God is calling us not to be like the twelve disciples in today’s reading, preoccupied with questions of who is in and who is out, who is right and who is wrong, who is pure and who is tainted.  God is calling us to be like that outlier, that fellow who doesn’t have time for such questions because he’s busy healing and feeding and sowing seeds of grace abundantly in the name of Jesus.  How do we ensure, as Christ Church Cathedral, that we are like that guy, that disciple?  How do we be people of abundance who share the grace of Jesus abundantly?  As we move into this all-important EMC campaign, it’s worth remembering what the beloved author Parker Palmer says about abundance:

“Abundance does not happen automatically. It is created when we have the sense to choose community, to come together to celebrate and share our common store. Whether the scarce resource is money or love or power or words, the true law of life is that we generate more of whatever seems scarce by trusting its supply and passing it around. Authentic abundance does not lie in secured stockpiles of food or cash or influence or affection but in belonging to a community where we can give those goods to others who need them—and receive them from others when we are in need.”

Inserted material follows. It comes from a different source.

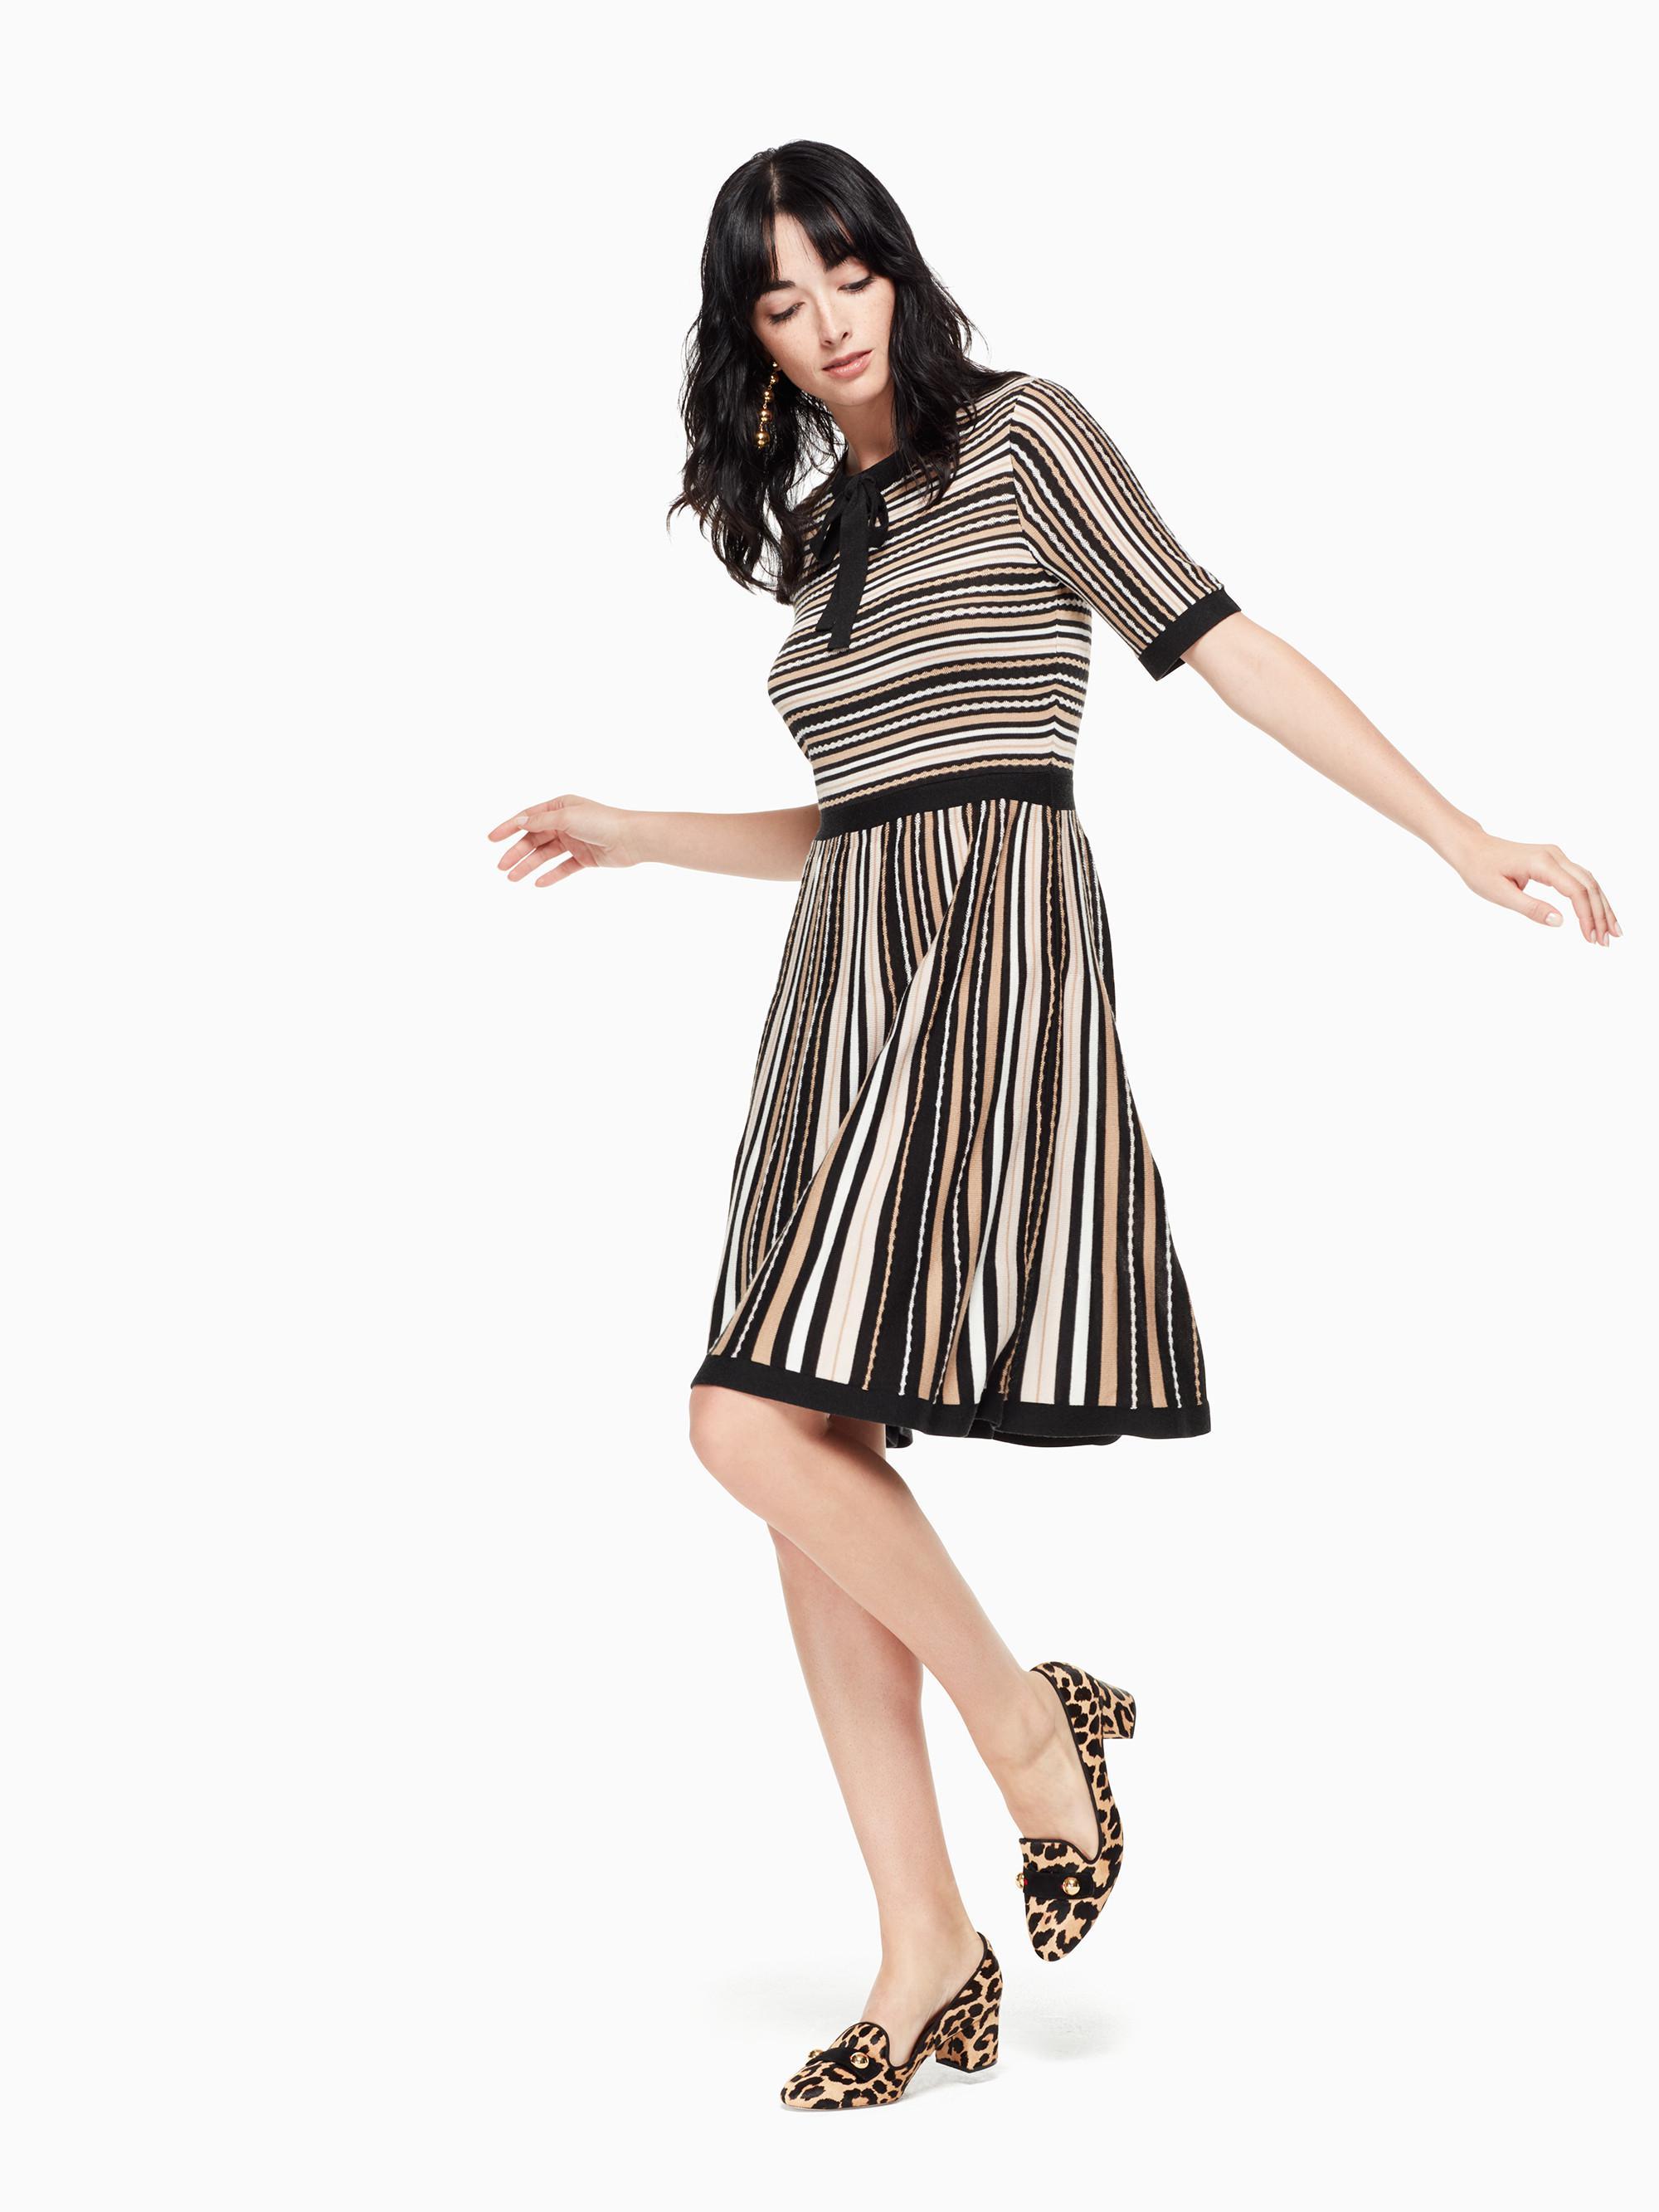 fd990e9afbac Lyst - Kate Spade Multi Stripe Sweater Dress in Black

This is what we are about at Christ Church Cathedral.  We are disciples of Jesus, participants in grace, people of abundance.  And now is the season when we are asked—called—to share that abundance for the work of the Gospel in this place.  Your vestry has joined in the race, and they have not stumbled.  On this first day of the EMC, they have already each pledged to the campaign.  I, too, have pledged.  I have tithed, committing ten percent of my income to the instruments of the Church for 2016.  EMC packets have arrived at your door, and there are pledge cards in the pews even today.

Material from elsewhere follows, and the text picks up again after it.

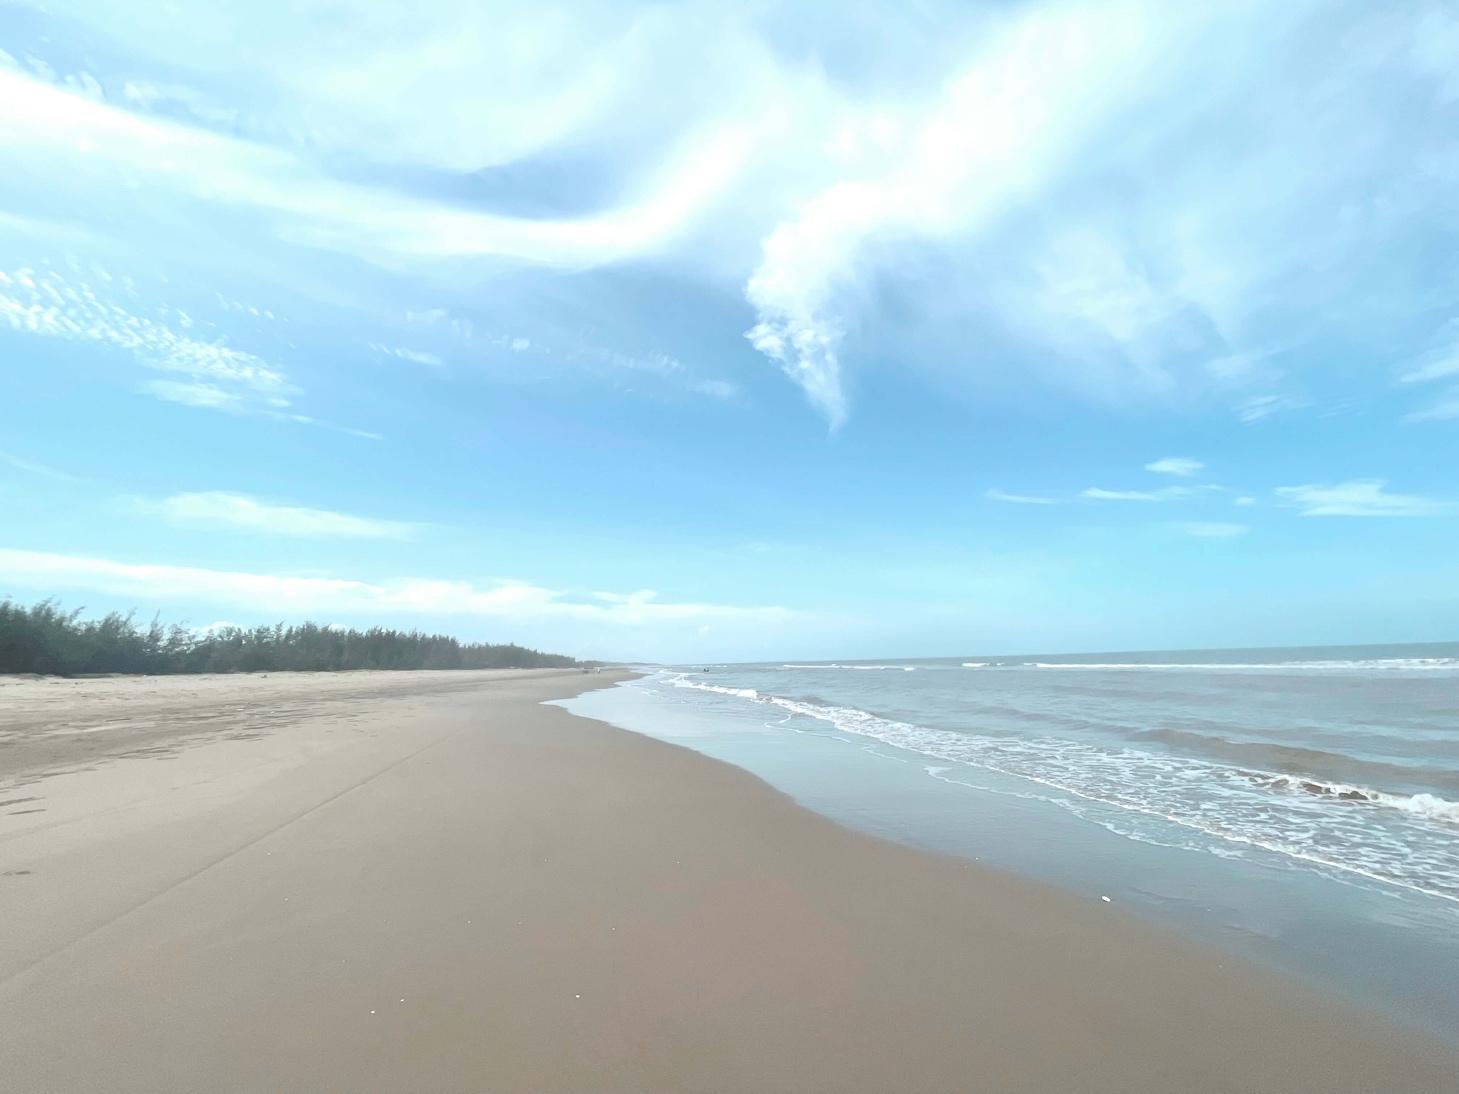 T&T Group khởi công xây dựng khu du lịch sinh thái biển với tổng mức đầu tư hơn 3.660 tỷ tại Thanh Hóa - Ảnh 1.

Let’s not stumble.  Let’s not draw lines that the Lord Jesus does not draw.  We, as Christian witnesses in a despairing world, as the cathedral church of this great diocese, are called to define ourselves and our community not against the other, but with generosity.  Any who do not stand against grace, in fact, stand for it, and we—a people of abundance—are given the privilege of being disciples.